Siempre había creído que el
término “cultura general” era un cúmulo de conocimientos básicos sobre
distintas materias, como las ciencias, el arte, la literatura, la historia,
etc., etc. Y también creía que todo ciudadano de una sociedad mínimamente
desarrollada debía tener una buena dosis de esa cultura. En más de una ocasión,
sin embargo, algunas personas, a quienes les gusta polemizar, me lo han
cuestionado, argumentando que saber, por ejemplo, dónde murió Napoleón
Bonaparte, qué ocurrió en Pearl Harbour en diciembre de 1941 o en qué año Colón
descubrió América, no era de ninguna utilidad para encontrar trabajo o ascender
en la escala social y profesional.

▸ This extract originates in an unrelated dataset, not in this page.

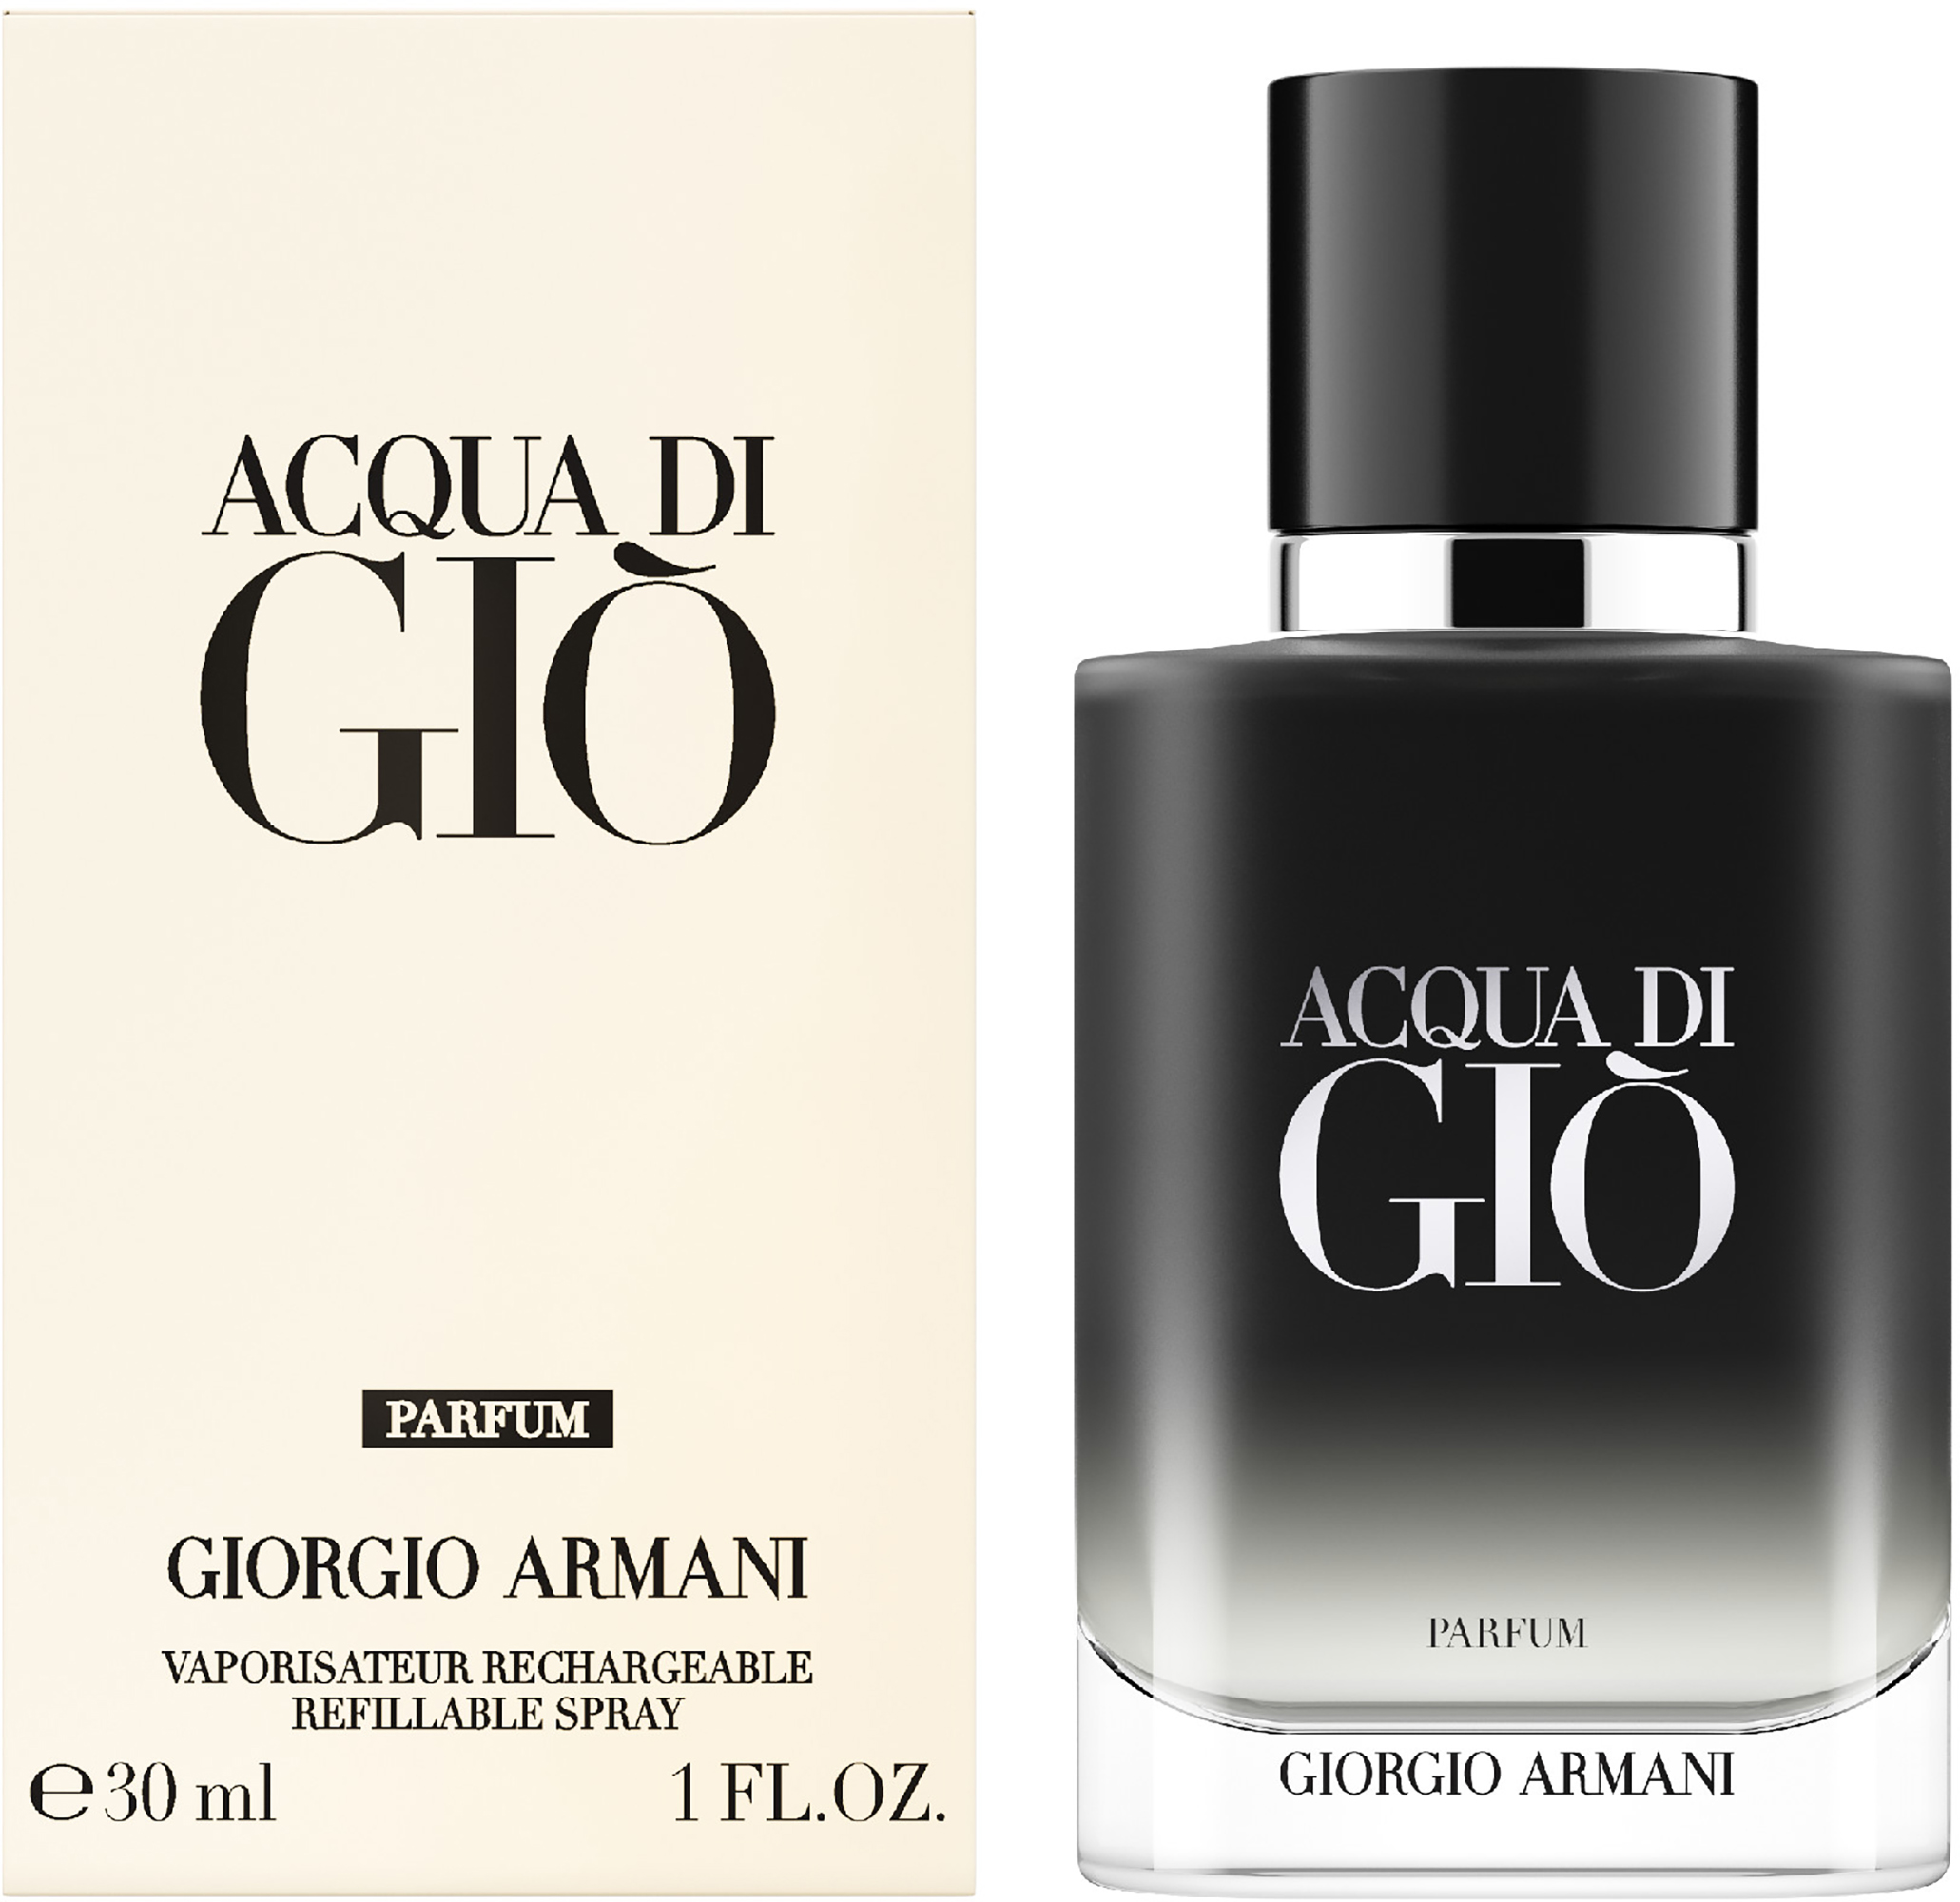 Giorgio Armani Acqua di Giò Parfum 30 ml | lyko.com

Un director de un banco no tiene
forzosamente que saber qué provocó la primera guerra mundial ni qué son las
células-madre.
Visto
el nivel cultural de muchos de nuestros jóvenes, me inclino a pensar que esas
personas tienen razón. También se me ha dicho que quien ha finalizado sus
estudios no tiene necesariamente por qué haber aprendido de memoria hechos y
fechas que acabará olvidando, sino que debe haber recibido la formación
necesaria para saber analizar y resolver un problema, y no me refiero a uno de
matemáticas. Desde luego, hay que enseñar a los jóvenes a pensar y dotarles de
las herramientas necesarias para la observación, análisis y deducción en
cualquier proyecto al que se enfrenten. Revisando la historia educativa
reciente, he comprobado que en poco más de treinta años, hemos tenido en España
seis sistemas o leyes de educación. Y yo me pregunto si alguna de ellas ha
contribuido eficazmente a ello.
Vaya
por delante que ni soy profesor, ni pedagogo y, por lo tanto, hablo de vista y
oído, nada más, y por mi edad quizá tenga ideas un tanto retrógradas en cuanto
a lo que significa la enseñanza. Por lo tanto, ruego a los que sí son
profesionales de la misma que tomen esta reflexión como lo que es: una simple
reflexión de un ignorante observador que busca respuestas.
Escribí
hace algo más de un año una entrada titulada “La letra con sangre entra”,
comparando el sistema educativo de mi época de colegial (años cincuenta y
sesenta y pico) con el actual, en función de los conocimientos con los que salíamos
entonces y salen ahora los jóvenes, y de los métodos utilizados para inculcarnos
esos conocimientos. Afirmaba que, a pesar de la excesiva rigidez a la que
éramos sometidos los alumnos de aquella época (al menos en la escuela privada y
religiosa), nuestro nivel cultural supera al de los jóvenes que han recibido un
trato mucho más tolerante. ¿Mano dura o mano blanda? ¿Dónde se sitúa el término
medio y la eficiencia docente?
Pues
bien, no sé si la aparente incultura de muchos o algunos jóvenes (pues los hay
muy bien preparados e incluso brillantes) debe achacarse a un deficiente o laxo
plan de enseñanza o bien al supuesto desinterés que muestran por todo lo que
les rodea. Y para muestra un botón:
Hace
unos días, en el programa de la Sexta “El intermedio”, uno de sus colaboradores,
Santi Villas, se lanzó a la calle, micrófono en mano, a preguntar (supongo que
de forma aleatoria) a varios adolescentes sobre temas de actualidad. ¿Quién es
el actual rey de España? ¿Quién fue su antecesor en el trono? ¿Cómo se llama la
reina actual? ¿Y la anterior? ¿Para qué sirve un rey? Para mi sorpresa fueron muchos
los que no supieron contestar correctamente a esas preguntas tan elementales.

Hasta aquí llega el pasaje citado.